Step #1: Gather relevant documents. The first step is to gather all of the pertinent governing documents for your site. Those include:
Application for credit allocation;
Land Use Restriction Agreement (LURA)/regulatory agreement/restrictive covenant;
IRS Form 8609;
Funding agreements (such as HUD Section 8, HOME, RHS, etc.);
Qualified allocation plan; and
Utility allowance documen-tation.
In the beginning, many of these documents will not be available because they're not released to the owner until the owner places all of the buildings in service, Moreland says. In that case, start with the application for credit allocation. “That document will reveal all of the promises the owner has made, even though they haven't been documented in a regulatory agreement yet,” she points out.
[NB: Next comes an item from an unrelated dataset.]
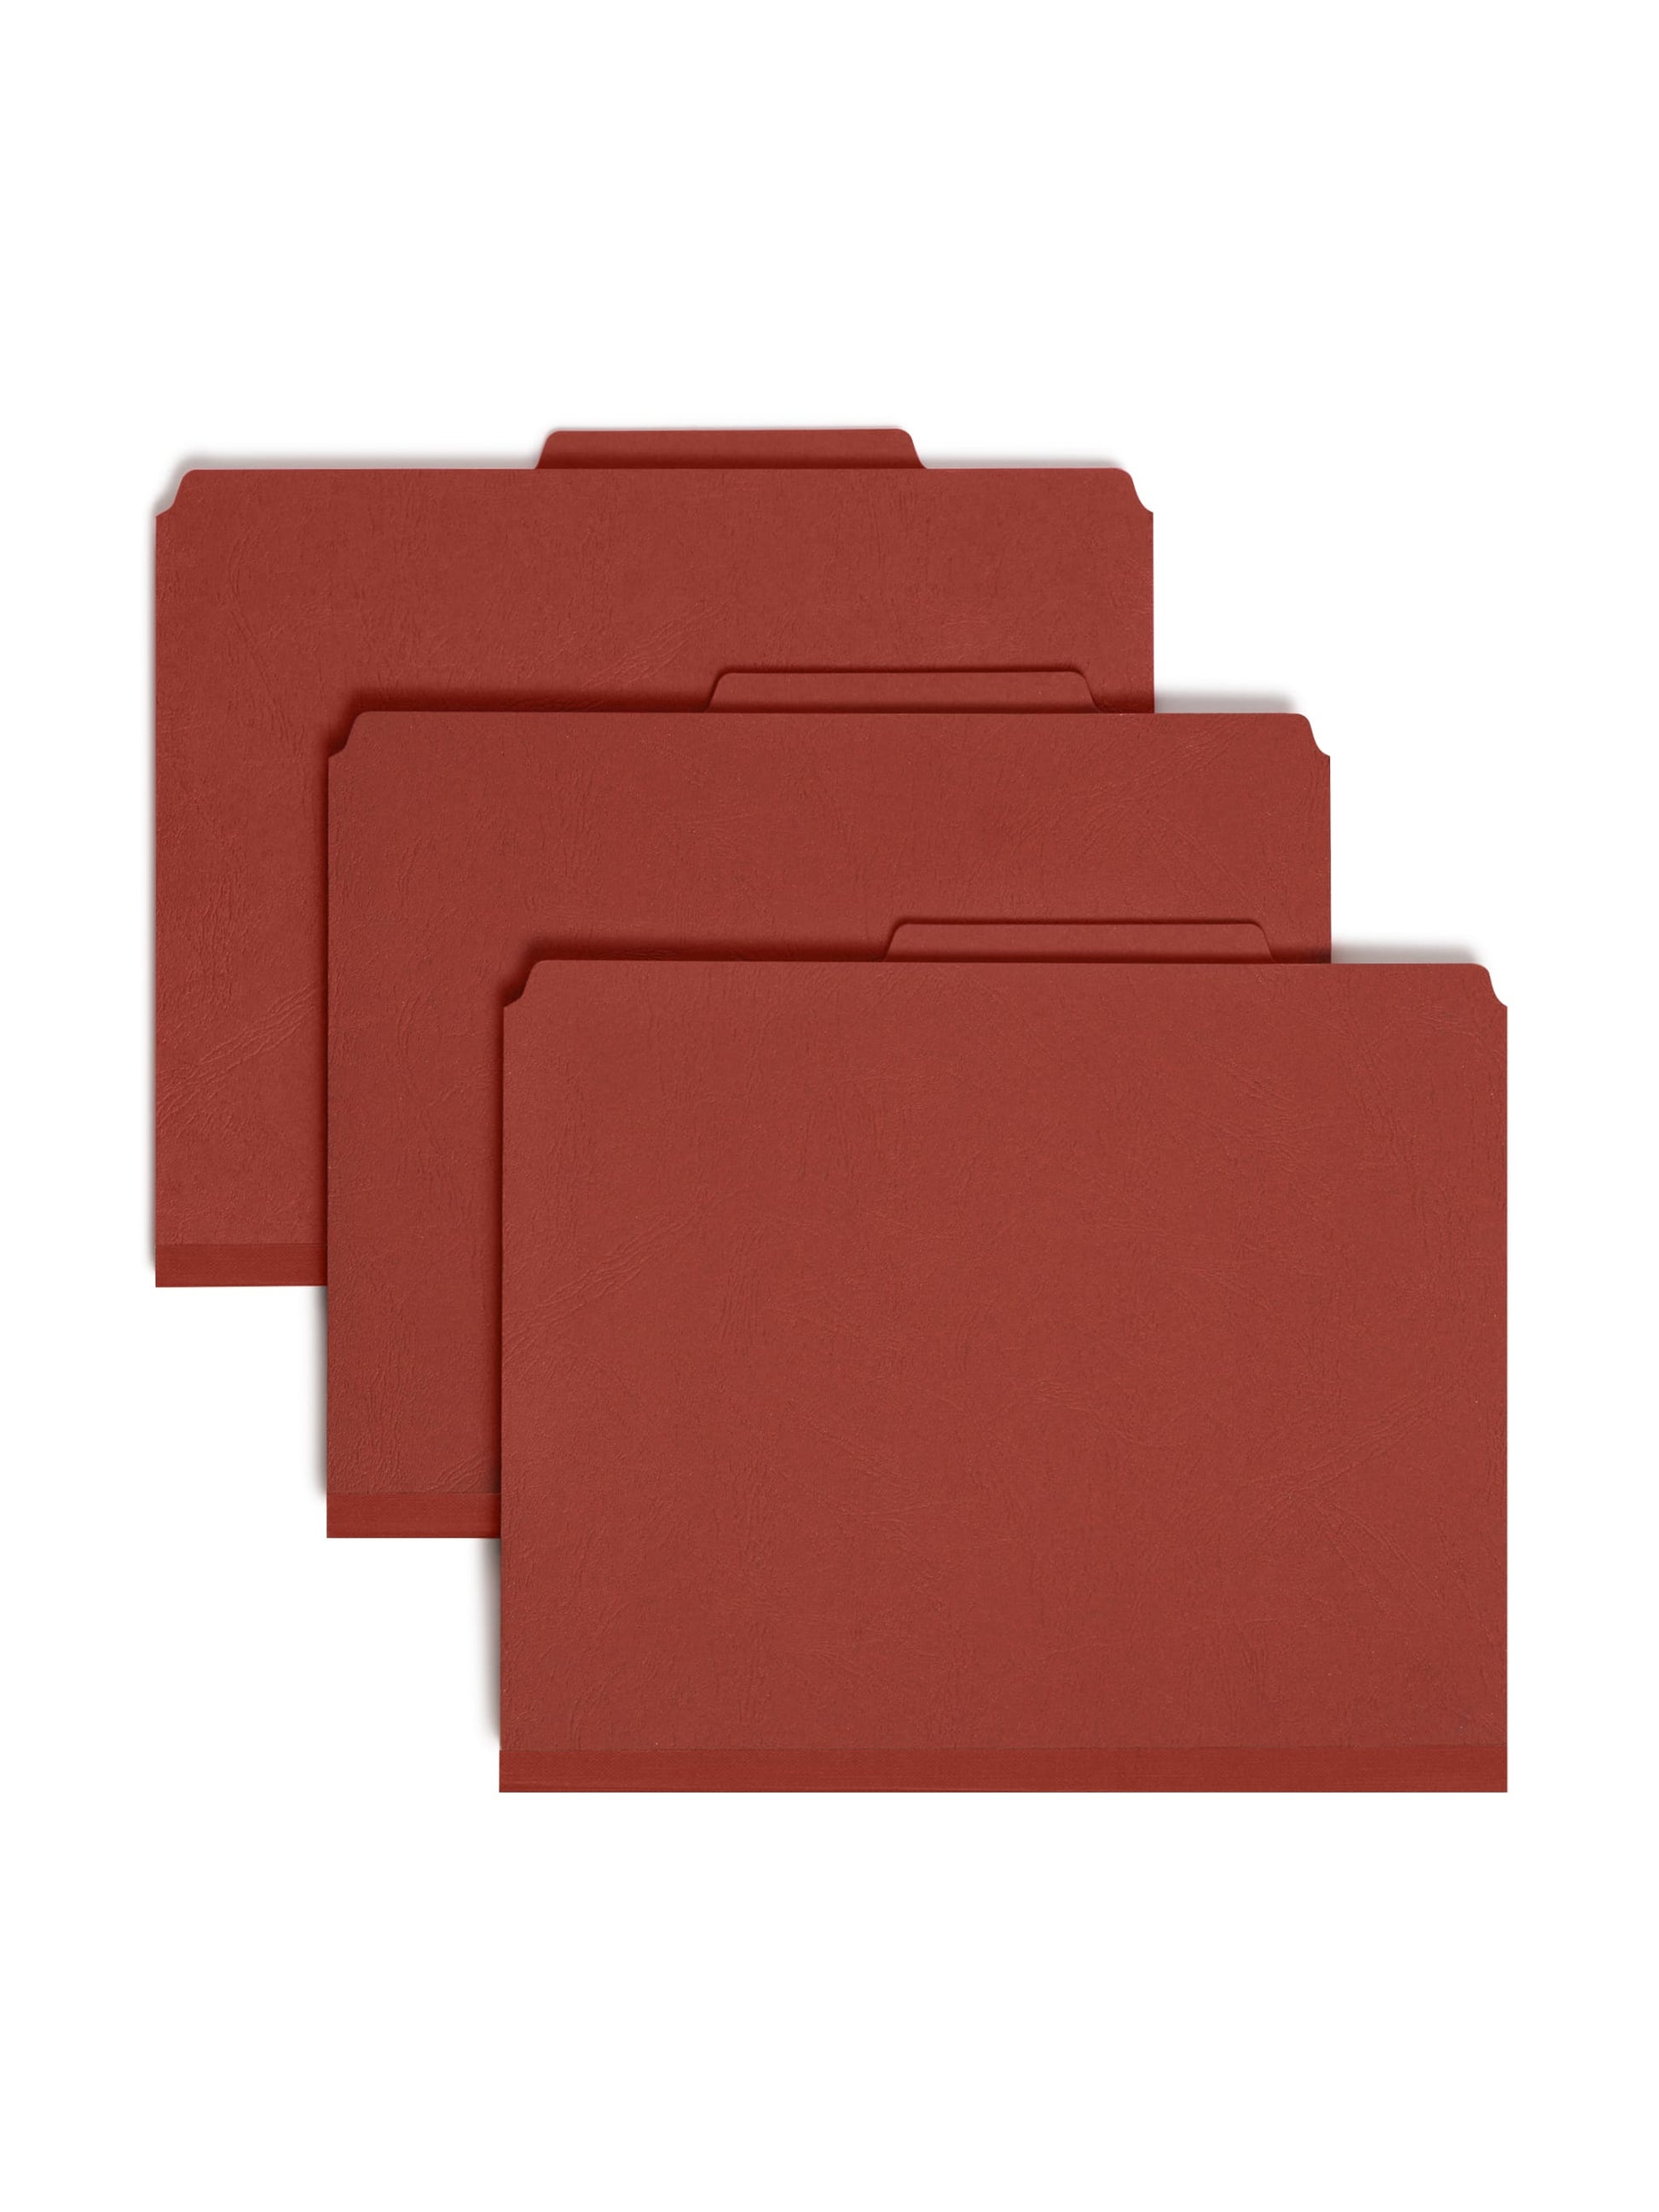 SafeSHIELD® Premium Pressboard Classification File Folders, 2 Dividers, 2 inch Expansion, 2/5-Cut Tab, Red Color, Letter Size, Set of 0, 30086486142053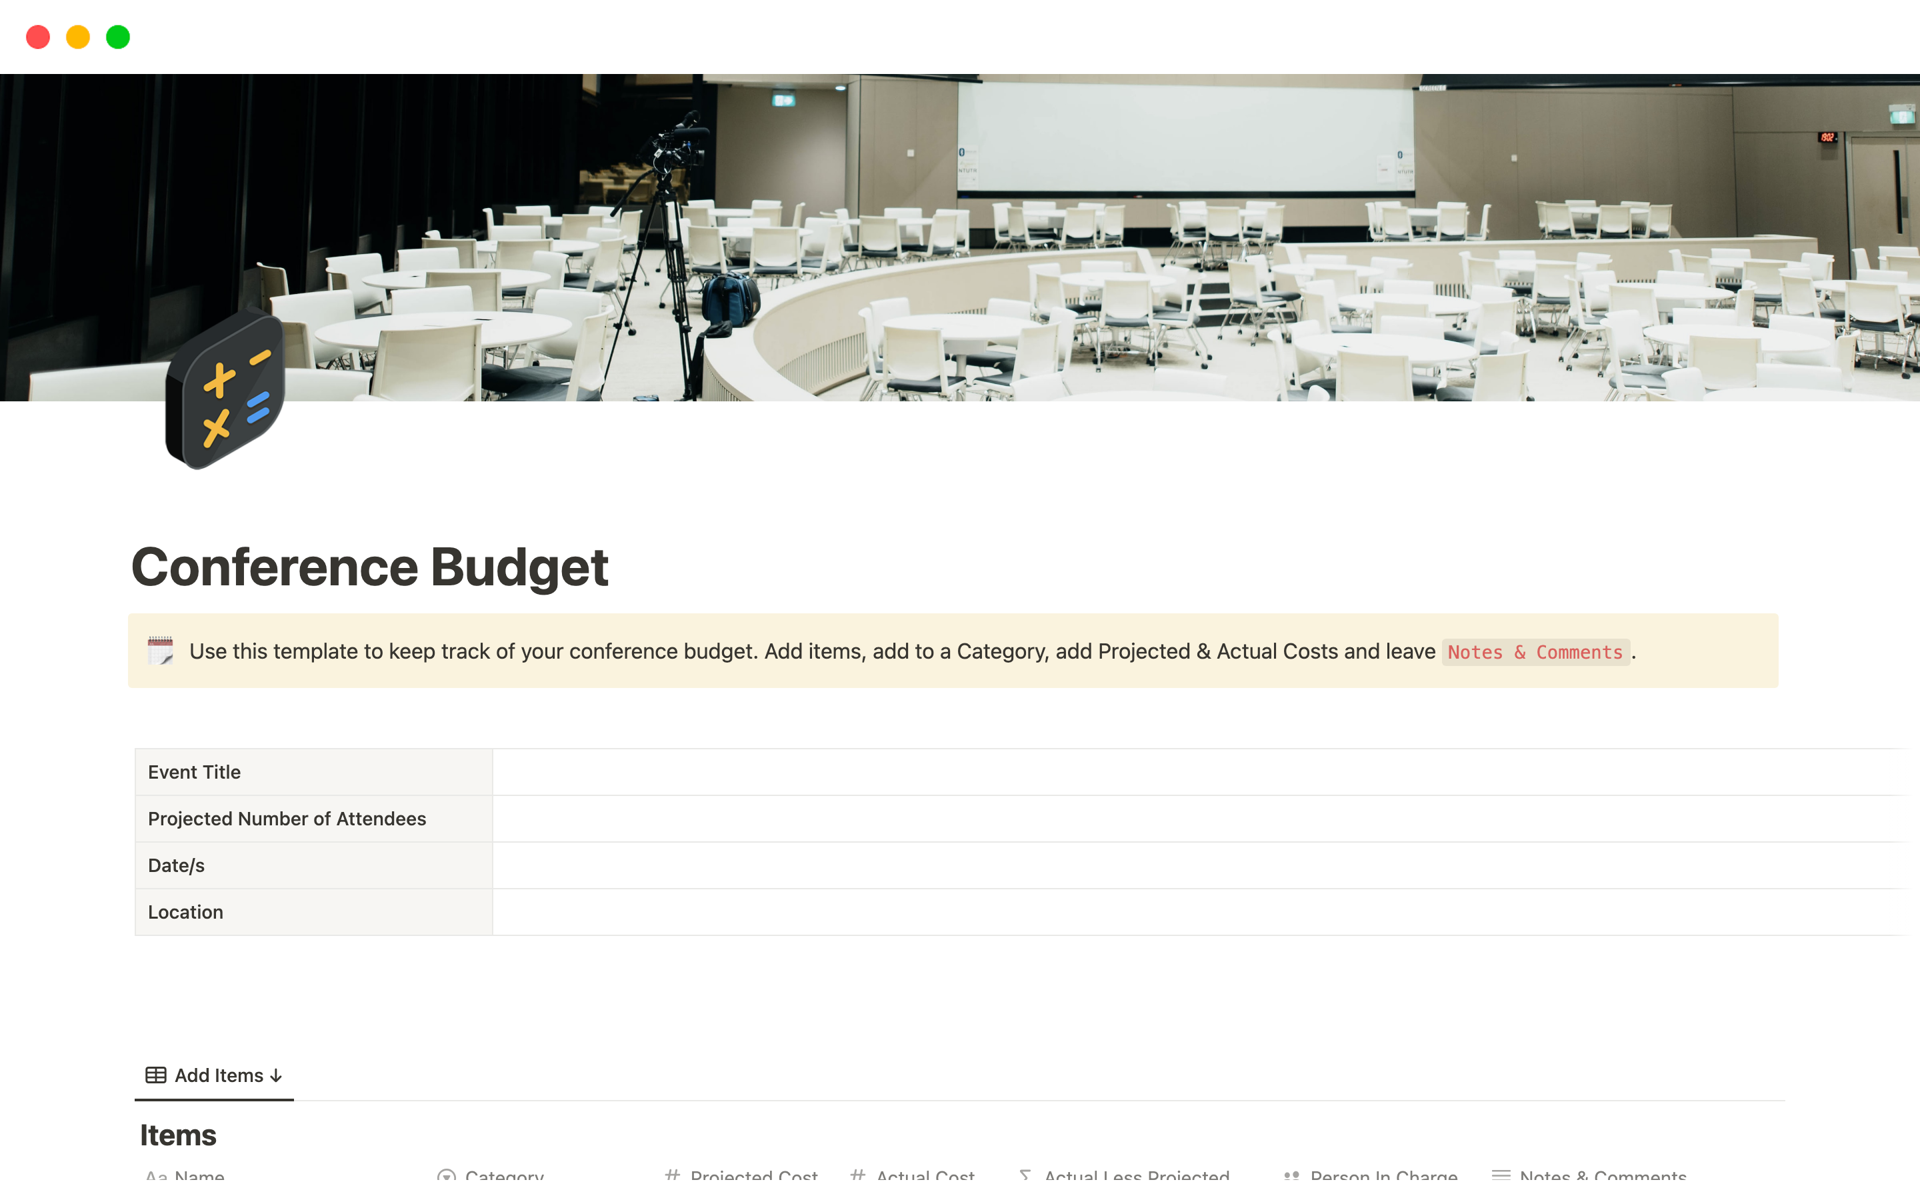 Use this template to keep track of your conference budget.

One thing to be aware of when requesting a copy of the application from the owner: It is a large document, and typically consists of three or four binders. Request from the owner only the part of the document that deals with all of the compliance elections, she says, which will be contained in a specific section of the application. “That will show the minimum set-aside, the targeted fraction, how many buildings there are, and then all of the promises—the rent, income, and any other services or amenities that the owner will get points for.”
You will be able to collect the other documents as they become available over time. Moreland suggests placing a checklist of the needed documents in the binder, which you can then check off as they are added.
Step #2: Read through documents and create summary sheet. Once you have collected the pertinent documents, read through them carefully.
“Regulatory agreements are written in the best legalese and are sometimes frustrating for an inexperienced person to read,” Moreland says. “So you want to read them only once.”
She recommends going through each document with a highlighter, and transferring the key compliance information in each onto a summary form, or development criteria sheet. For instance, as you're reading through the application for credit, you'll want to make a note of the minimum set-aside, applicable fraction, and the different rent and income elections.
Step #3: Marry the compliance criteria—look for conflicts. As you begin to summarize all of the different documents in the development binder, you will probably find some conflicting information in the compliance criteria. For instance, in the application for credit, the owner might have agreed to rent 50 percent of the units at or below 60 percent of the area median gross income, and the other 50 percent at 50 percent. But then one of the funding documents lists a completely different set of income and rent restrictions. How do you figure out how to stay in compliance?
The final step is to marry all of the compliance criteria to determine the lowest common denominator that will allow you to be in compliance while maximizing your rent revenues, explains Moreland.
“This is not a task that you can hand off to your site manager unless that person has years of experience,” she points out. “This is something that the owner or a compliance officer with a good understanding of the tax credit program has to do.”
Once the development binder is complete, and the final compliance criteria has been summarized, make sure that the home office, regional office, and the tax credit site each has a copy.
Use Development Binder to Train Staff
In addition to providing your staff with a blueprint of your site's compliance requirements, the development binder is a great training tool to help staff expand their knowledge of the tax credit program.
Moreland recommends reviewing the development binder as part of their education process. For instance, start by having your staff read the application for credits, and then have a follow-up discussion to ensure that they understand the information that it contains and to answer their questions. Then move on to the next document.
“Teach as much about the program as possible to your site staff. When they understand the full picture, they'll do a better job,” she says. “Most people don't operate well if they don't understand why. If they're going to be good managers, they need to understand the ‘why’ behind the process.”